On 22 July 2016, Ali Sonboly, a German of Iranian origins with psychiatric problems and an insane passion for video games, opened fire in a shopping mall in Munich and killed nine people. He was not related  to the Islamic State.

On 24 July,  in Reutlingen, near Stuttgart, a Syrian asylum-seeker killed a woman with a machete, apparently for sentimental reasons.

On the same day, Mohammed Delel, another Syrian asylum seeker, detonated an explosive device in his backpack during a music festival in Ansbach.


What do the German attacks have in common?


What do the German attacks have in common? First of all, they were committed by asylum seekers, immigrants, and other foreigners who were naturalised Germans citizens. They also show the failure of Germany’s policies of reception and integration.
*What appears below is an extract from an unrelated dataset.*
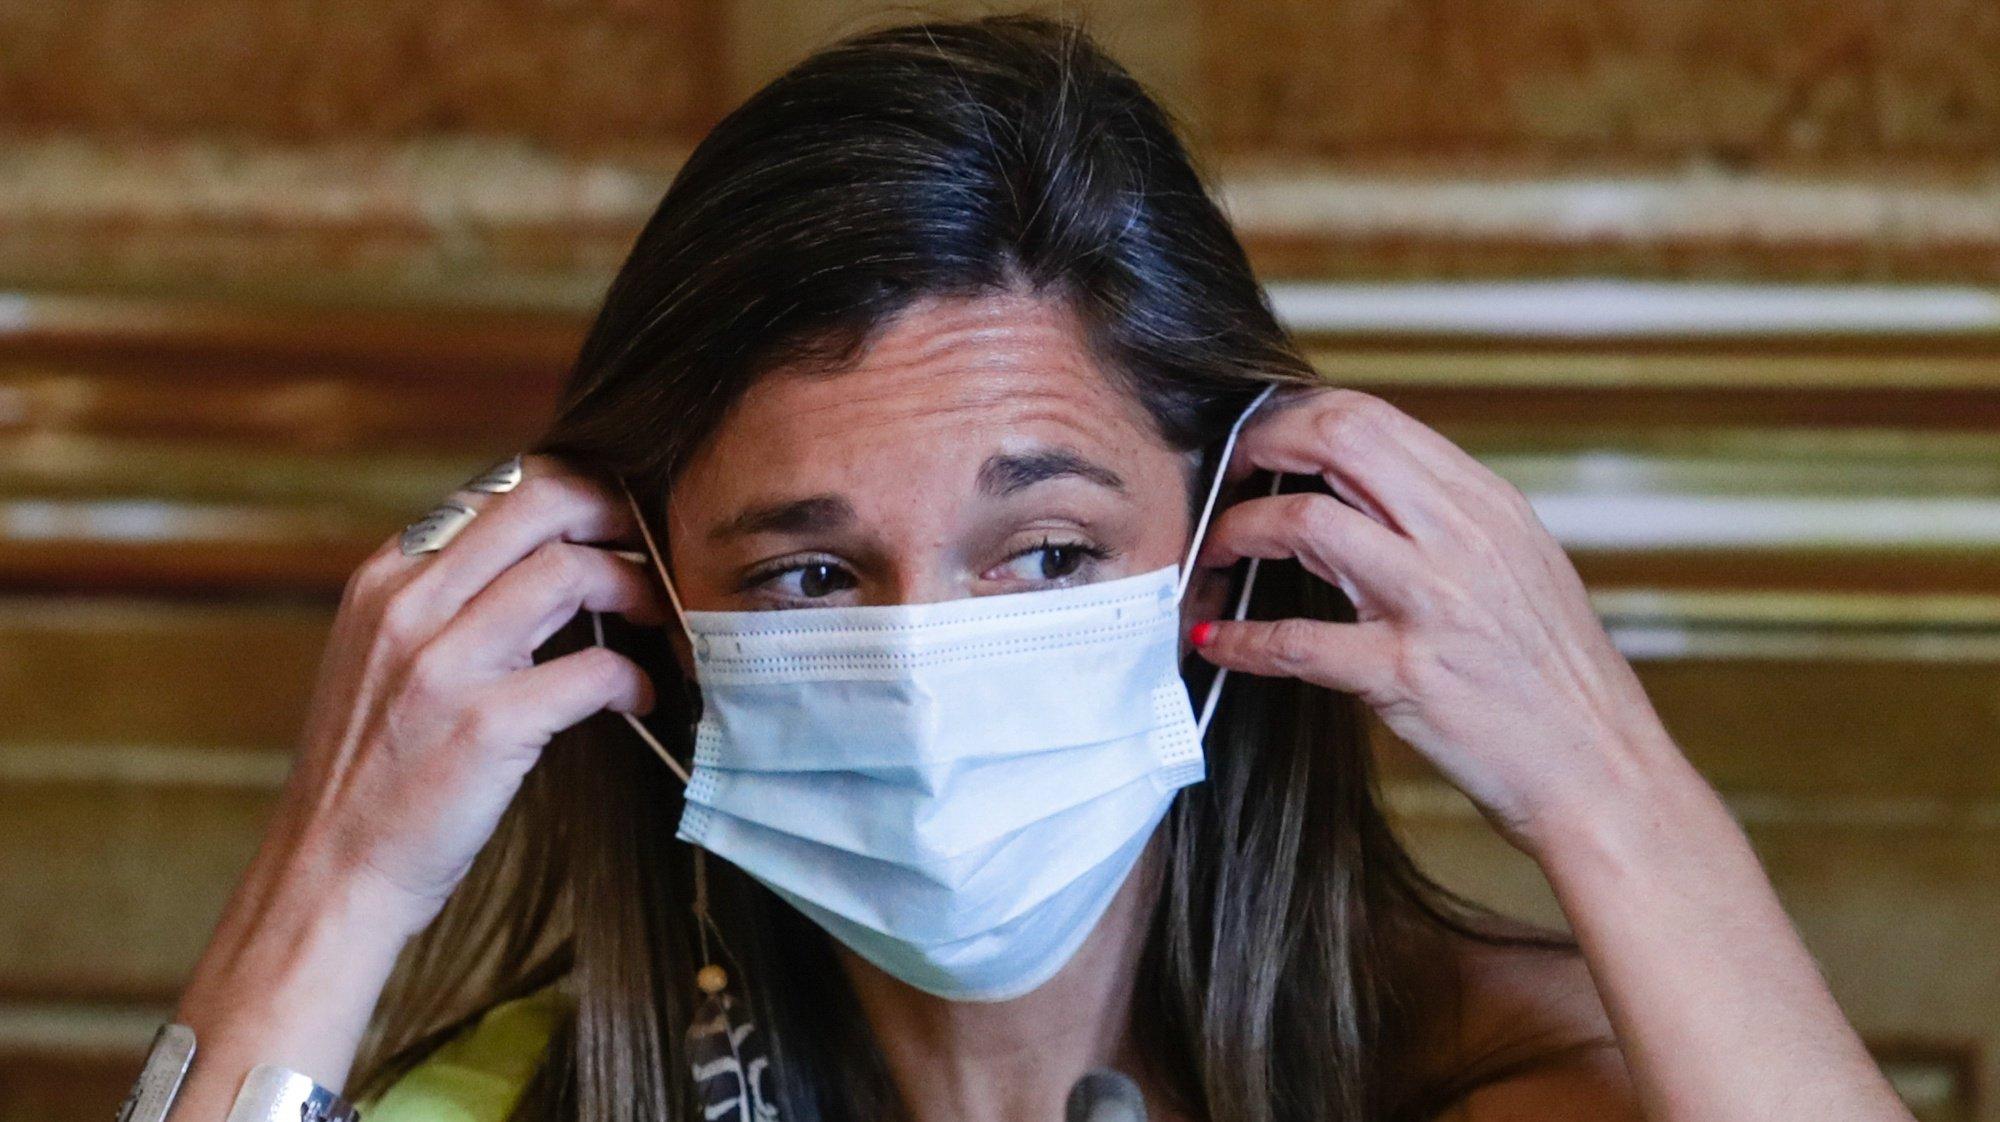 A bastonária da Ordem dos Enfermeiros, Ana Rita Cavaco, fala perante a Comissão de Saúde, na Assembleia da República em Lisboa, 27 de maio de 2020. TIAGO PETINGA/LUSA

These attacks hit the Western lifestyle, are accomplished in malls, on trains, in music festivals. Although one of the motives behind them is Islam, a religion identified with strong, traditional values, these attacks are an expression of individualist anarchist terrorism.


Nihilism is the answer


Behind these attacks, there is just the nihilism of folks who hate life and show no compassion or empathy for it. It does not matter whether it is their own life or those of other people. In their world of competition, which is total, there is no place for identifying with their neighbours, who simply are video game characters.

If we to analyse these attacks, we need to read what Nietzsche wrote on nihilism, Dostoevsky’s novel Demons and the existential analysis lead by Martin Heidegger in his book Being and Time.